Mon, Jan 1, 4:00pm

On the Generalization Properties of Diffusion Models

Abstract: Diffusion models are a class of generative models that serve to establish a stochastic transport map between an empirically observed, yet unknown, target distribution and a known prior. Despite their remarkable success in real-world applications, a theoretical understanding of their generalization capabilities remains underdeveloped. This work embarks on a comprehensive theoretical exploration of the generalization attributes of diffusion models.
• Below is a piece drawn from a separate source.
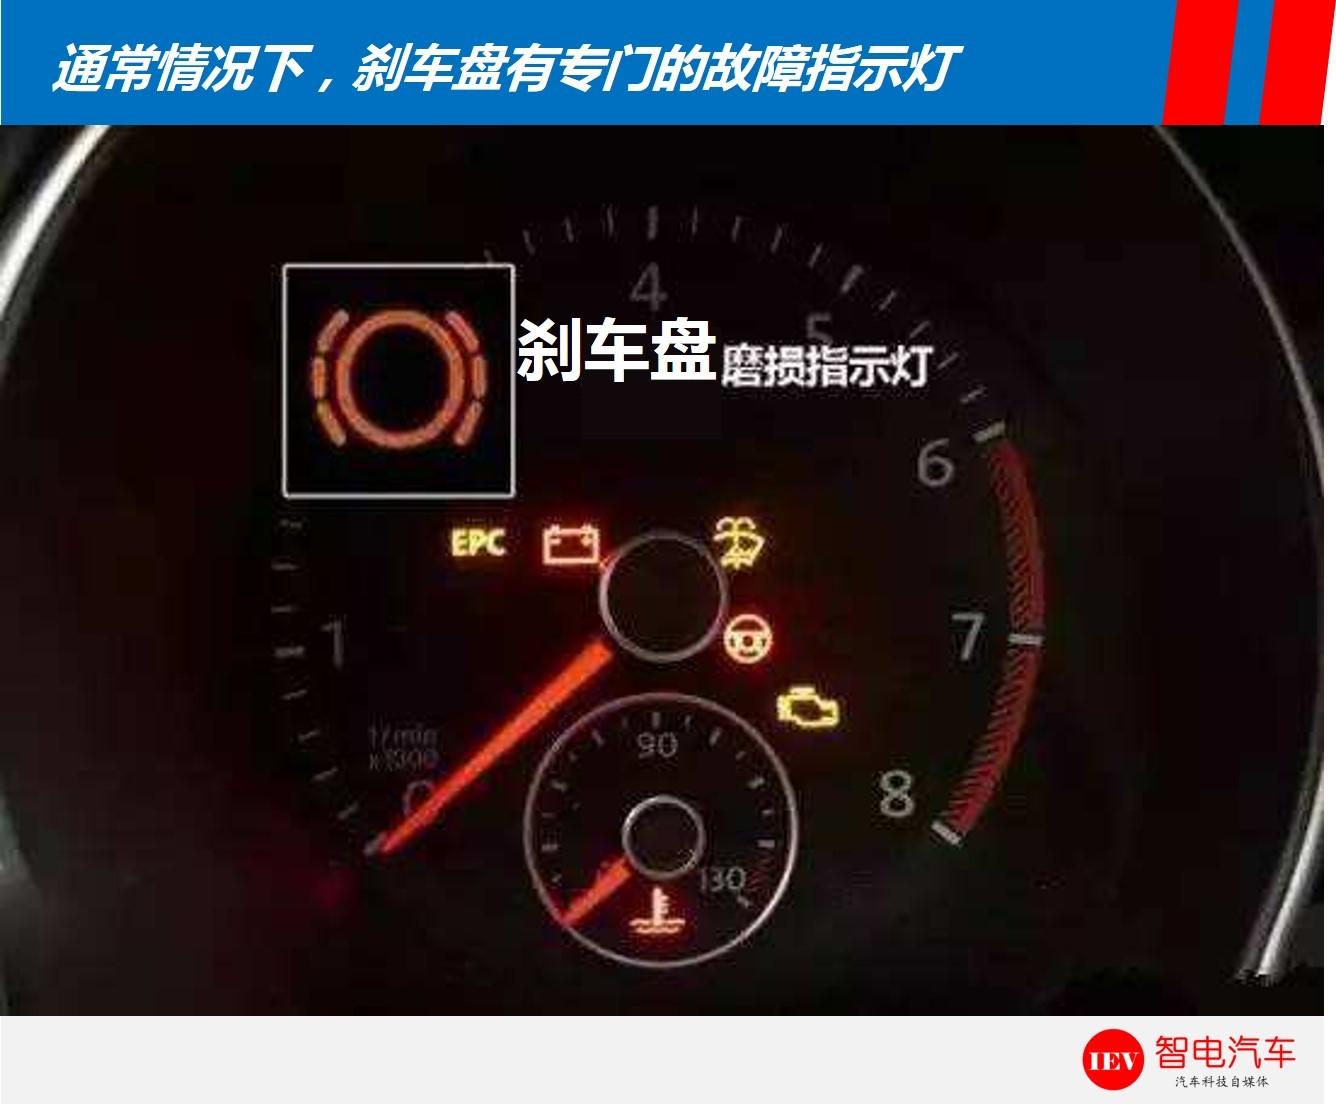 简洁的方法是看仪表盘的刹车故障灯,如果刹车盘到了极限,通常会报警

We establish theoretical estimates of the generalization gap that evolves in tandem with the training dynamics of score-based diffusion models, suggesting a polynomially small generalization error (O(n−2/5+m−4/5)) on both the sample size n and the model capacity m, evading the curse of dimensionality (i.e., not exponentially large in the data dimension) when early-stopped. Furthermore, we extend our quantitative analysis to a data-dependent scenario, wherein target distributions are portrayed as a succession of densities with progressively increasing distances between modes. This precisely elucidates the adverse effect of "modes shift" in ground truths on the model generalization. Moreover, these estimates are not solely theoretical constructs but have also been confirmed through numerical simulations. Our findings contribute to the rigorous understanding of diffusion models' generalization properties and provide insights that may guide practical applications.